You can also just stop giving CCP your money and time. Like a normal consumer would, when they dislike a product. It’s not even that hard anymore, since a few alternatives have appeared on the market.
Why throw the baby out with the bathwater? Being a “single issue voter” is downright silly.
CCP’s been nerfing my preferred play style for over a decade now, but I still think that the game has merit, and offers an experience I can’t find elsewhere. If I quit games (instead of trying to improve them) every time a single thing comes along that’s contrary to my preferences, I’d have very few things to play.
The way how asset safety was removed only for abandoned structures has a really fishy taste in my opinion.
A lot of people state that asset safety was bad from the start. Maybe it was, maybe not.
But what I really don’t understand: Why is the asset safety still there for fueled structures. Imagine some group manages to destroy the Keepstar in Perimeter, grinding through all the reinforcement cycles, defeating the defenders multiple times. Why is the stuff in there safe? Because TEST managed to put some fuel into it? What has fuel to do with asset safety?
I would like to see the reactions here if they introduce some way to hack into Nullsec Keepstars and let them self-destruct without any asset safety or warning…
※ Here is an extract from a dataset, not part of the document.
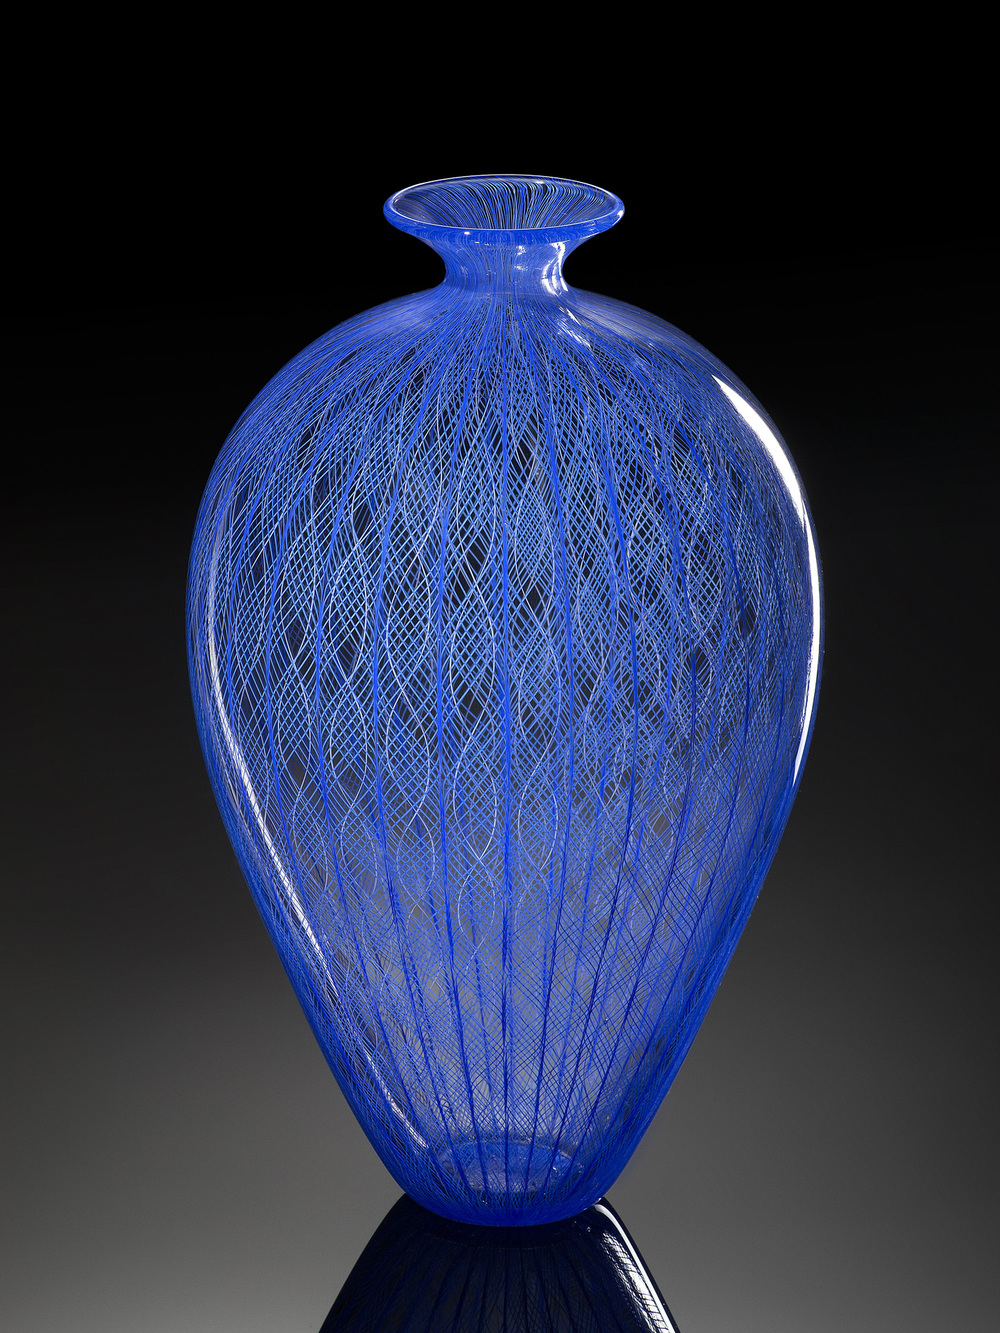 Dave_Strock_Glass_Zanfirico_Vase.jpg

The forum threads. One person quitting makes zero difference, and the majority of the people who lost stuff to this change weren’t paying customers anyway. At least the forum thread might earn you some undeserved sympathy.
I was not talking about this specific change. I was arguing generally. I don’t care about this specific change.
Generally, if a company can correlate loss of revenue to some specific changes they made, they will want to improve that. They are not going to care about some random forum posts, if they can look at other more objective metrics to improve profits.
So my point still stands, if you dislike the direction eve is going, then stop giving CCP money and time. If this is then going to have negative impact to CCPs bottomline, then CCP will change course.
Can’t lock a dog in a room with a steak, and then say “I never fed the steak to the dog, the dog ate it!”
I think that from a business perspective, a customer that is currently not paying is not necessarily the same thing as a non-paying customer. People can stop paying for subscriptions for any number of reasons, and I’m sure that any business would like to see them come back when they’re able to.
Also, I won’t speculate whether most of the people who got affected by this change negatively are, or aren’t, paying customers. Regardless of what the ratio is, it still has very little bearing on my argument that alienating any customers without some kind of resulting utility is contrary to the nature of any business.
That is why I believe that this change was conscious on CCP’s part. Maybe they made some calculations that throwing some players to the wolves would create enough media coverage to make up for it. If so, that’s impressively Machiavellian of them, but does very little to inspire player trust going forward.
Seems CCP have done it again, really would love to know who makes those decisions.
In all seriousness if CCP did say that before that anything in these structures are safe, they should have remained safe. With the way MMO players move around or have time constraints due to RL you would think CCP would know better than to just write off the players in-game assets.
I guess the moral of the story is not to keep your assets in player structures as you can no longer expect CCP to play fair.
“I can’t legitimately earn my killboard glory/phat lewt, not even by preying on the weak and feeble or gate camping, but fortunately CCP made it easy for me to take advantage of AFK corps instead of earning it through actual battle, therefore I suppose this concept” - The Worse-Than-Hardcore-Carebears
It’s ironic that the players quoted in various articles who scored the big kills from this also think that this change was pretty ■■■■■■■■. They still do it, because they essentially have the obligation to, since the rules allow them to, and if they don’t, then someone else will. But when hundreds of billions of stuff drops, and you realize that you just ruined someone’s life at no real fault of their own, all you can think about is “what the hell was CCP thinking when they did this?” This isn’t like ganking someone’s freighter with 50b of stuff inside, where the rightful argument is “yeah, you deserved that, you idiot.”
So I wouldn’t blame the PvPers themselves for this, just because they choose to hunt inactive structures. They are merely using the tools available to them for profit.